[ |
music |
| |
Восьмая Шостаковича, Мравинский, 1961 |
] |
Если романтики, при всей своей декларируемой субъективности, пишут про общечеловеческое, как бы с точки зрения всечеловека, то модернисты вообще и Шостакович в частности предлагают вход в чуждую нам реальность, очевидно чужую, очевидно устроенную не так, как мы, но иным каким-то способом.
Отсюда это ощущение угловатости и неловкости, то отдаляющееся от нашего [моего] понимания, то в каких-то своих проявлениях совпадающее с моим.

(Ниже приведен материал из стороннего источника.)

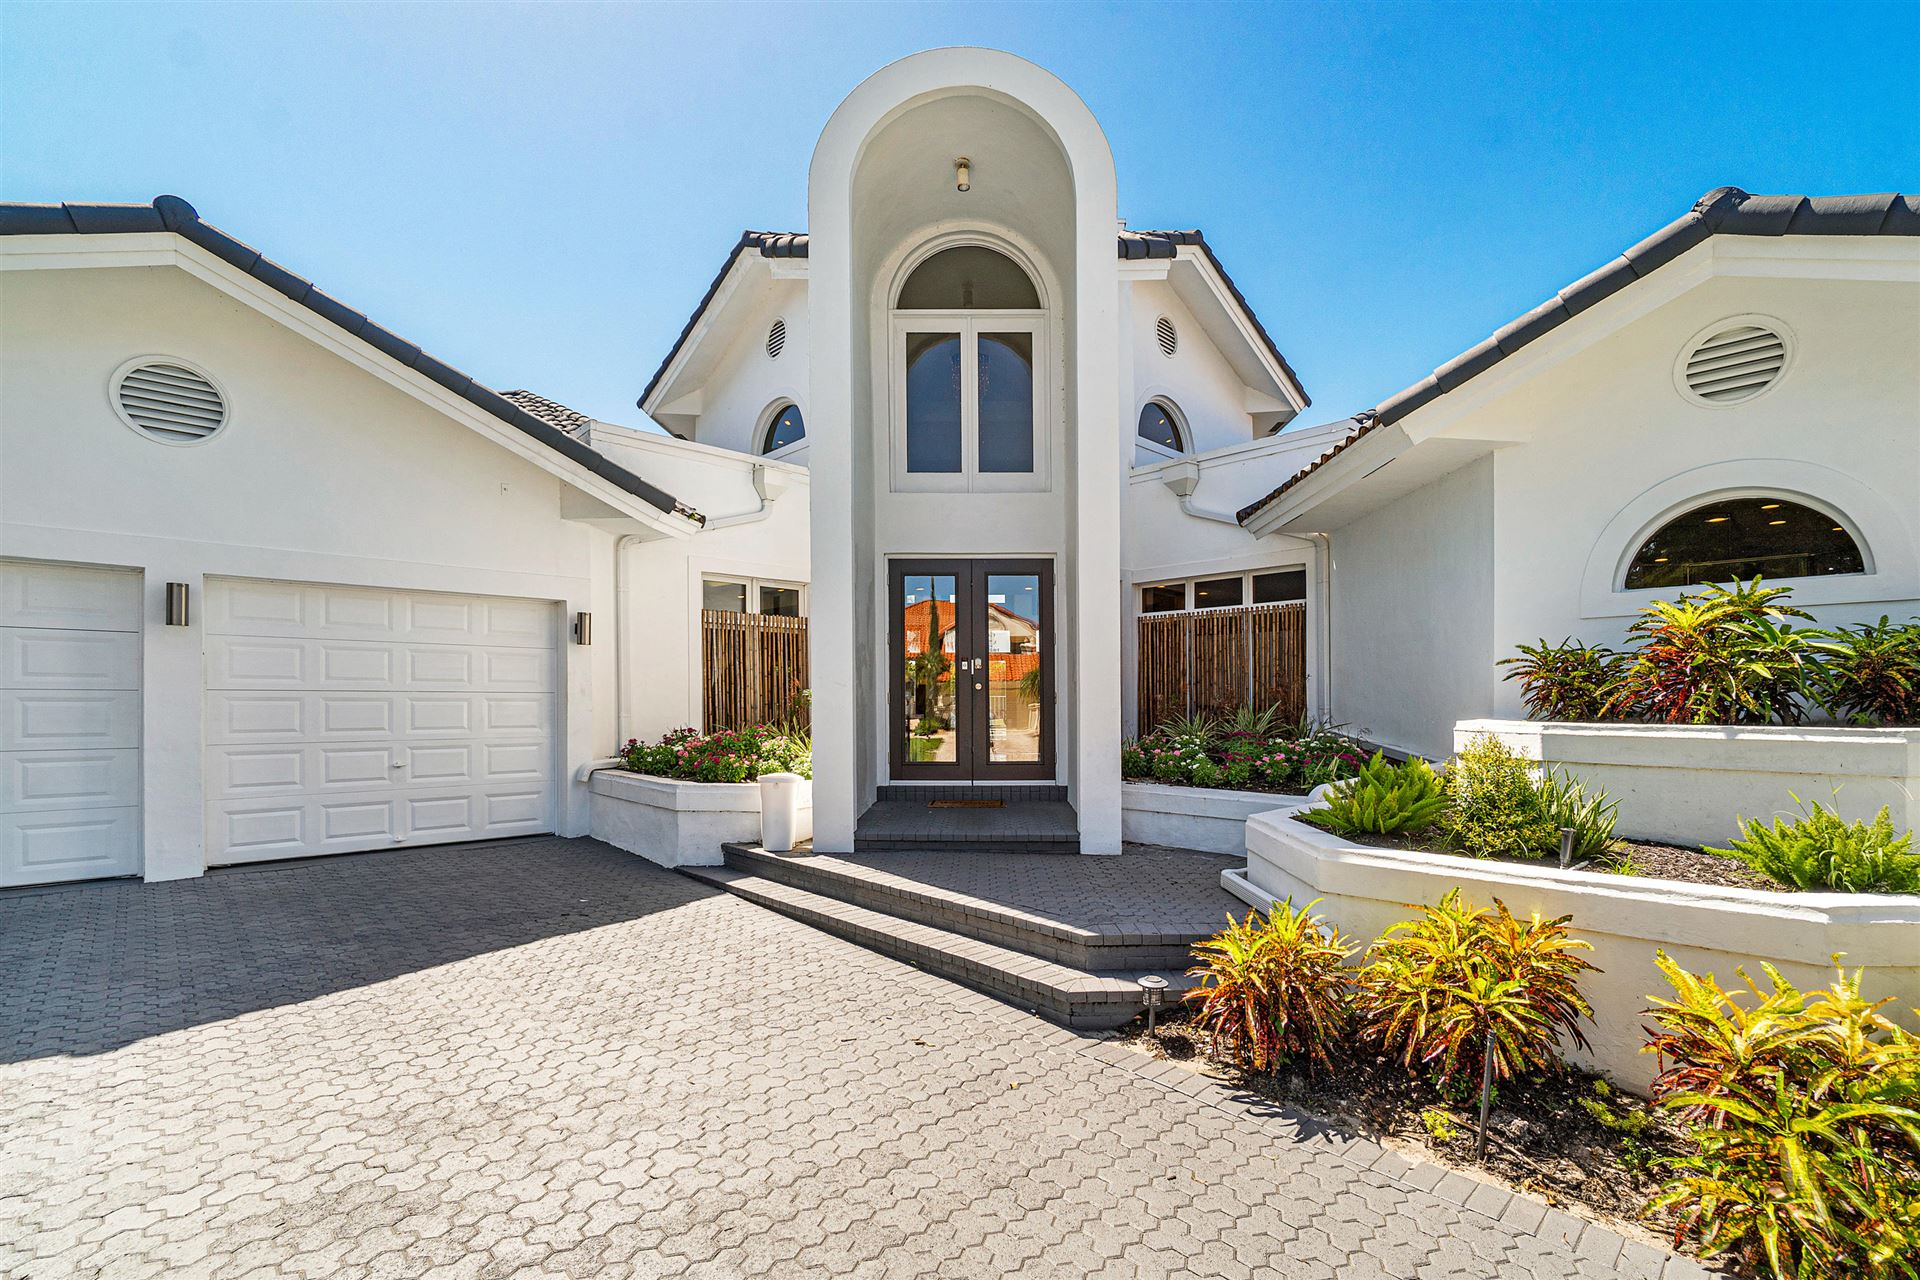 21459 Burnside Court, Boca Raton, FL 33433 - MLS#: RX-10686546

Отсюда это ощущение лучей, являющихся чистой интенцией, но вполне осязаемо шарящих сквозь толщу и по поверхности, точно нащупывающих редкие совпадения.

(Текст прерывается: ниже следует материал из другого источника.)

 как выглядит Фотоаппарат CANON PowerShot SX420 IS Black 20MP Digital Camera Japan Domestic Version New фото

Важность стихотворения (его значительность и значение) может измеряться протяжённостью подводной незримой части; его замкадовостью, отбрасывающей тень как можно более долгую, длинную. Мало того, чтобы такой текст был не равен самому себе, нёс эхо и провоцирующие читательское сознание коммуникативные механизмы <аттракционы>, надо ещё чтобы воздействие длилось не только в пространстве опыта, но и во времени жизни.
Вот как то, что происходит с картиной, что висит на музейной стене и никого не трогает. Но длительность её воздействия поражает <по-рожает> воображение, через которое она и живёт.